Dann hattest du einen riesigen Dusel, Dierk. Wäre der Panzerwagen erst in deine Richtung gefahren um dich abzuholen, hättest du auch im Fahrzeug sitzen können."

Ja, daran habe ich bis heute noch gar nicht gedacht, du hast ja recht, mein Bester."

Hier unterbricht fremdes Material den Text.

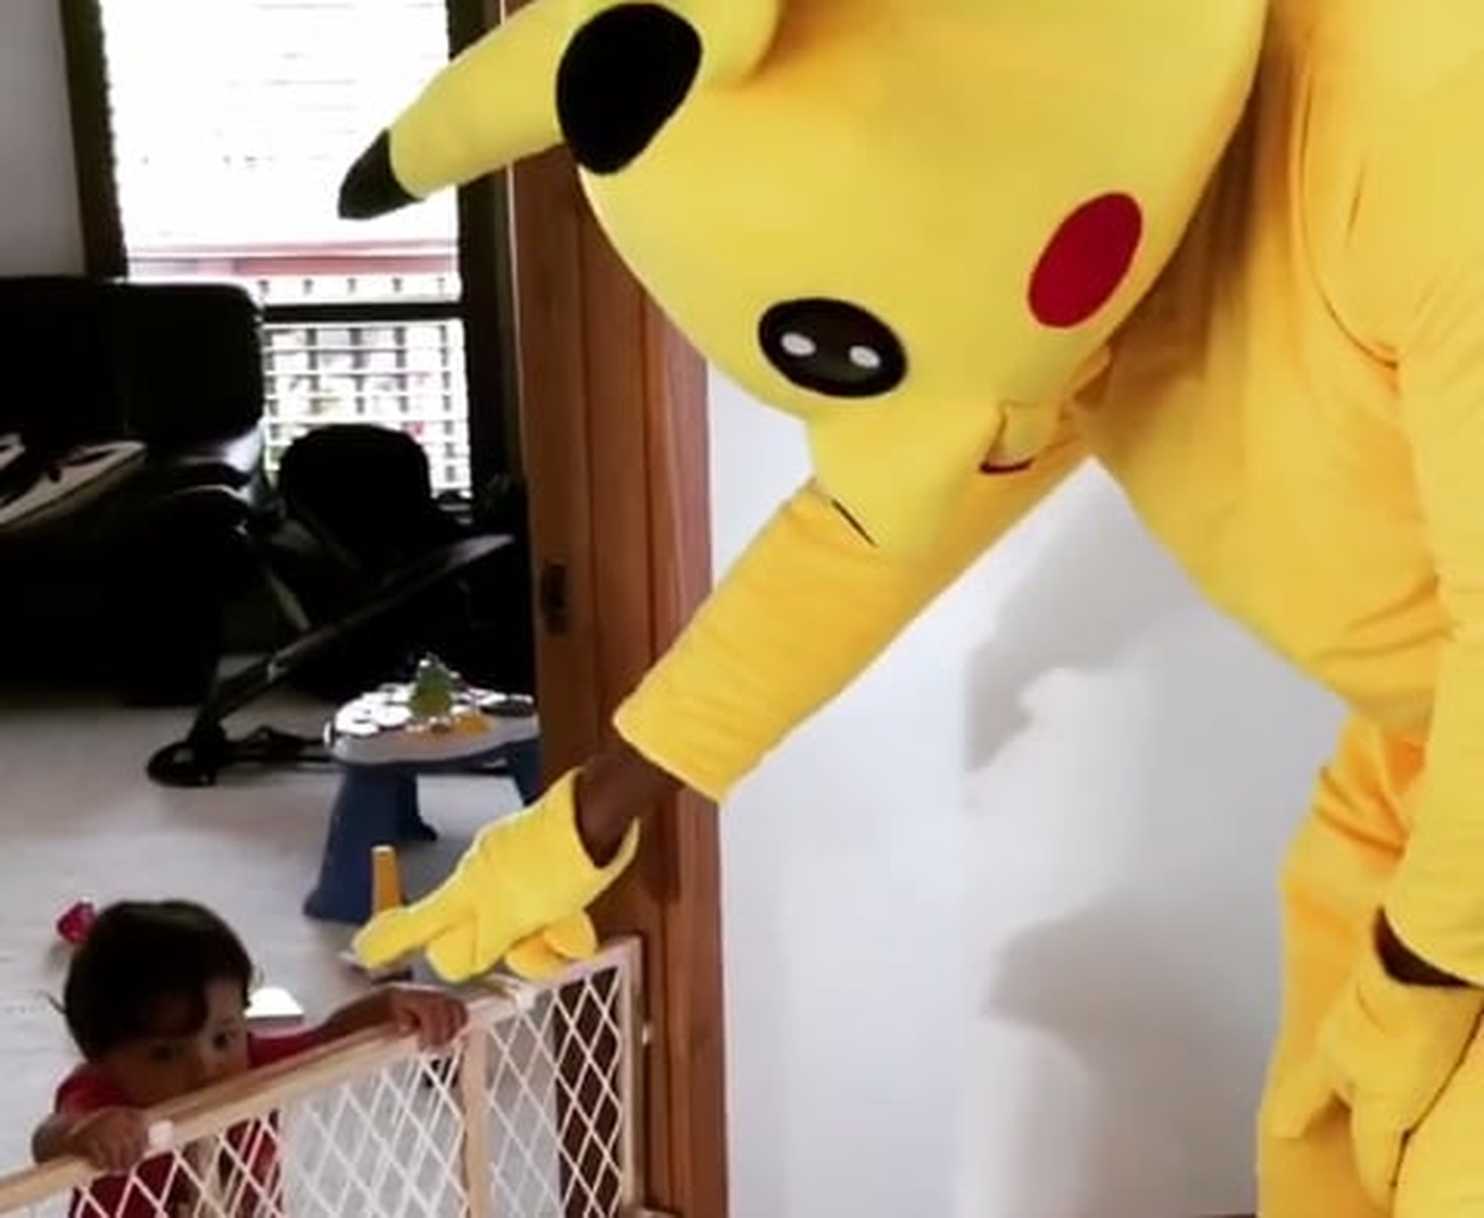 Dwayne Johnson is a giant Pikachu who must dance for his baby daughter
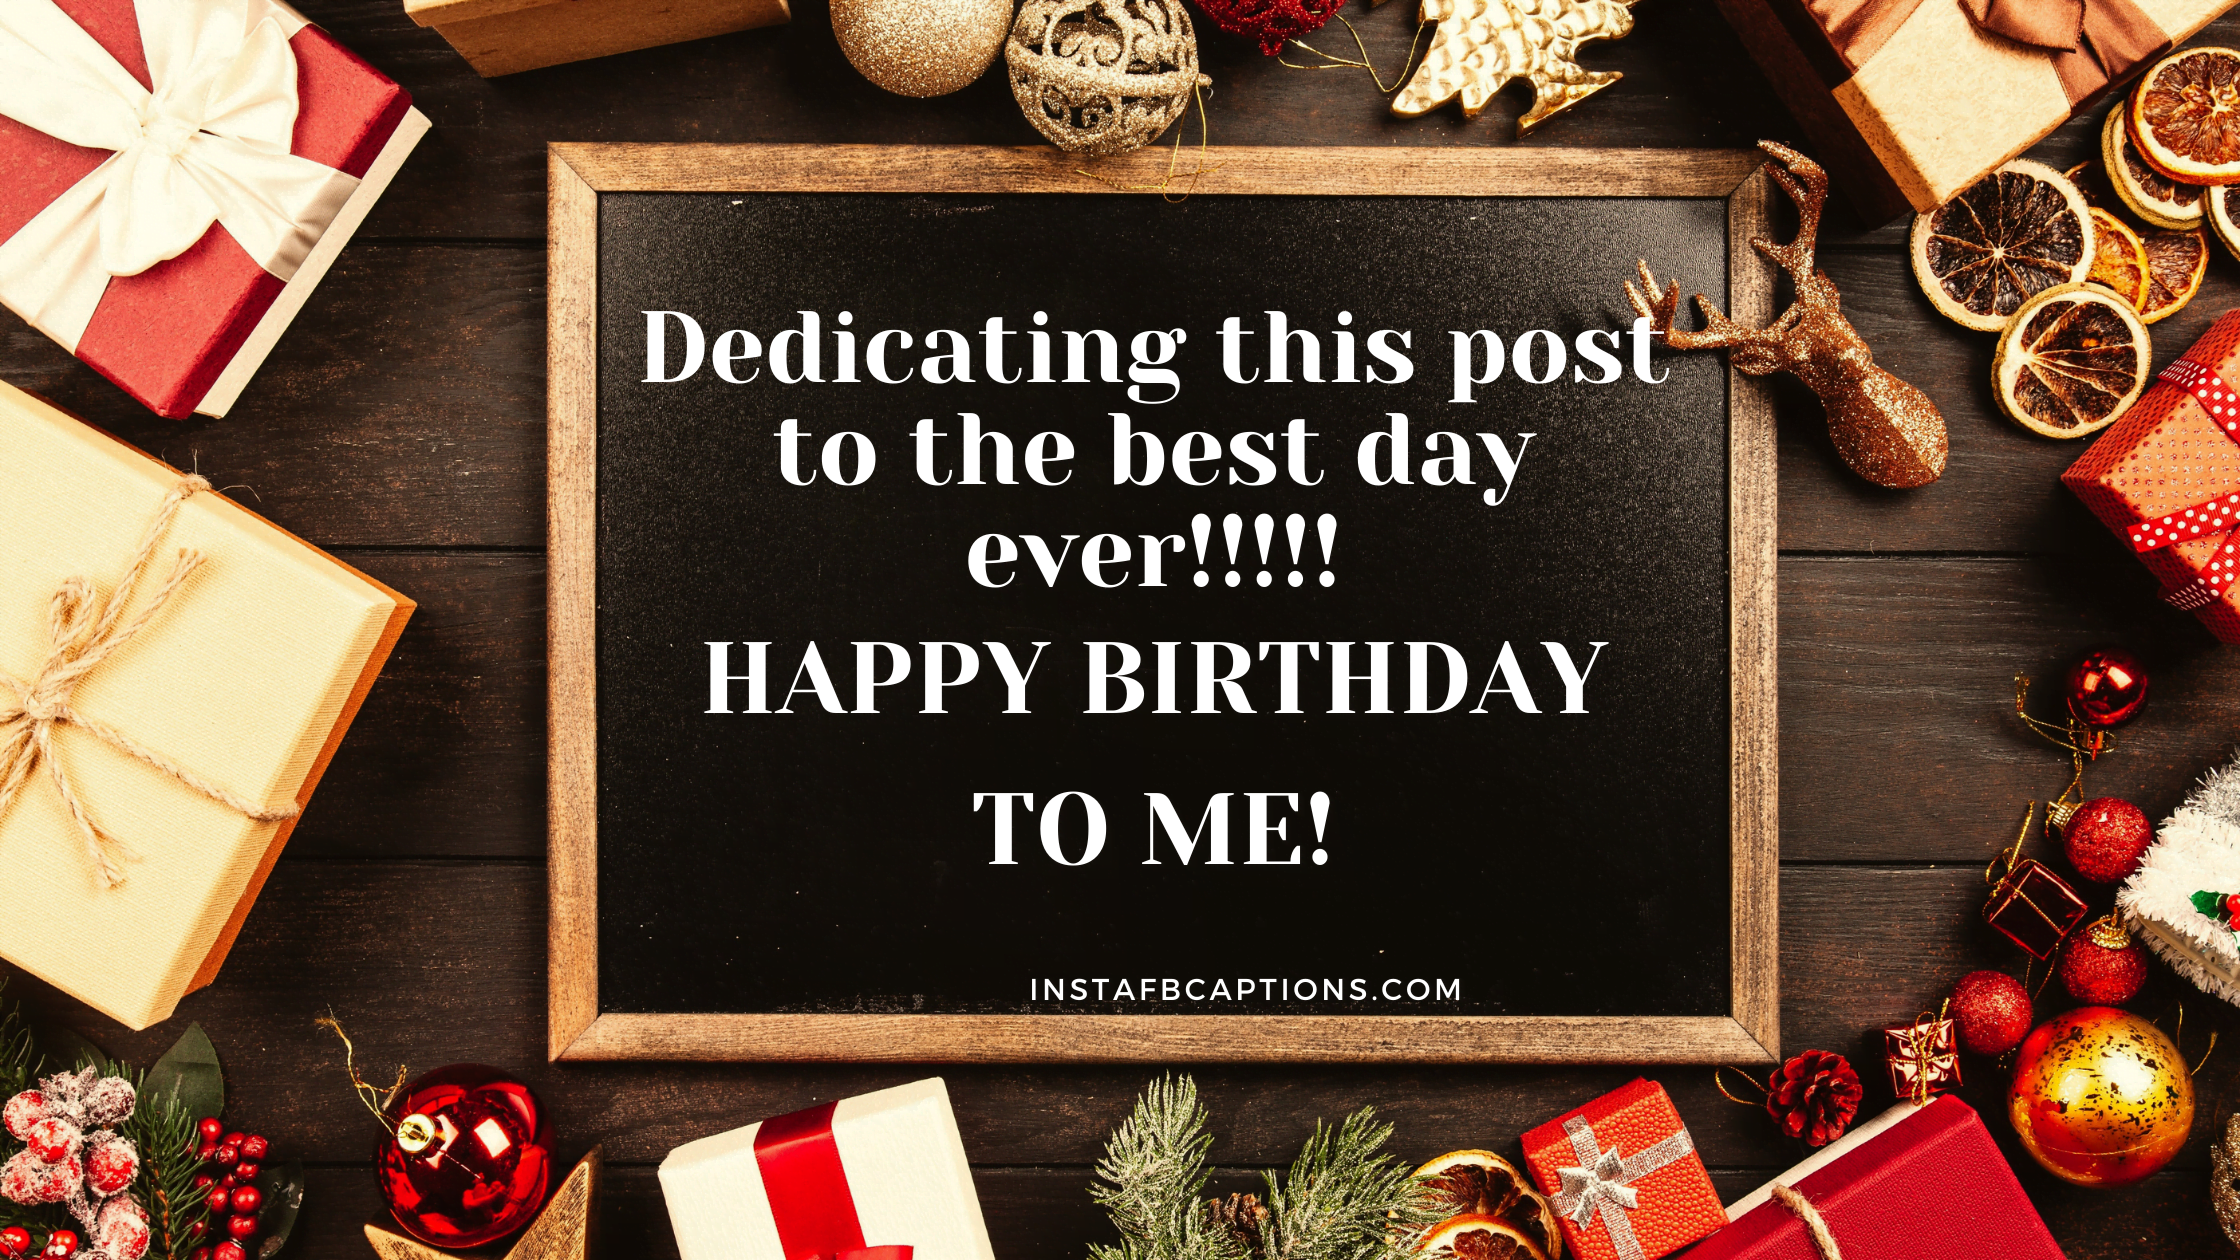 Best Quotes To Accompany Birthday Photo Dum  - Best Quotes To Accompany Birthday Photo Dump - Different Captions for Multiple Photos on Instagram 2022

Wie ging die Sache nun aus?"

Wie gesagt, vier von ihnen waren schwer verletzt worden. Am schlimmsten hat es meinen Bettnachbarn erwischt. Jörg Friede heißt er, kam aus Berlin-Pankow.“

Er gehörte zu den letzten Freiwilligen der NVA. Im Herbst 1961, noch während des Mauerbaus, wurden im sogenannten FDJ-Aufgebot sehr viele Jugendliche massiv unter Druck gesetzt, um einem Eintritt in die NVA zuzustimmen. Das waren die letzten Freiwilligen, die ja gar nicht so freiwillig die Uniform anzogen. Doch dieser Jörg war nicht nur mein Bettnachbar, er war mein bester Kamerad in der Kompanie. Er und ich haben so manchen Unfug verzapft und den Kompaniechef Knopfe, von uns Knöpfchen genannt, und den Spieß Hackie bis zur Weißglut geärgert. Bereitet mir noch heute großes Vergnügen, daran zurückzudenken.

Da lag der Jörg nun also in der Rostocker Uniklinik mit einem Silbernagel im komplizierten Bruch des Oberschenkels. Ende des Monats sollte er, ebenso wie ich, endgültig die Soldatenkluft ausziehen dürfen. Gemeinsam wollten wir in der Gaststätte bei „Mutti“ in der Schwimmhalle Neptun eine richtig Sause veranstalten. Daraus wurde aber leider nichts, seine Verletzungen entzündeten sich und begannen zu eitern. Zwei Tage vor meinem Entlassungstermin besuchte ich ihn noch einmal in der Uniklinik, um mich von einem sehr guten Kameraden zu verabschieden.

Seid ihr in Kontakt geblieben, du und dein Freund Jörg?"

Nein, ich habe nie erfahren, ob er wieder gesund wurde und wann er nach Hause durfte. Ich musste all die Jahre immer mal wieder an ihn denken."

Es ist wohl davon auszugehen, dass die Ostsee-Zeitung damals nicht über dieses Bahnunglück bei Wiethagen berichtet hat.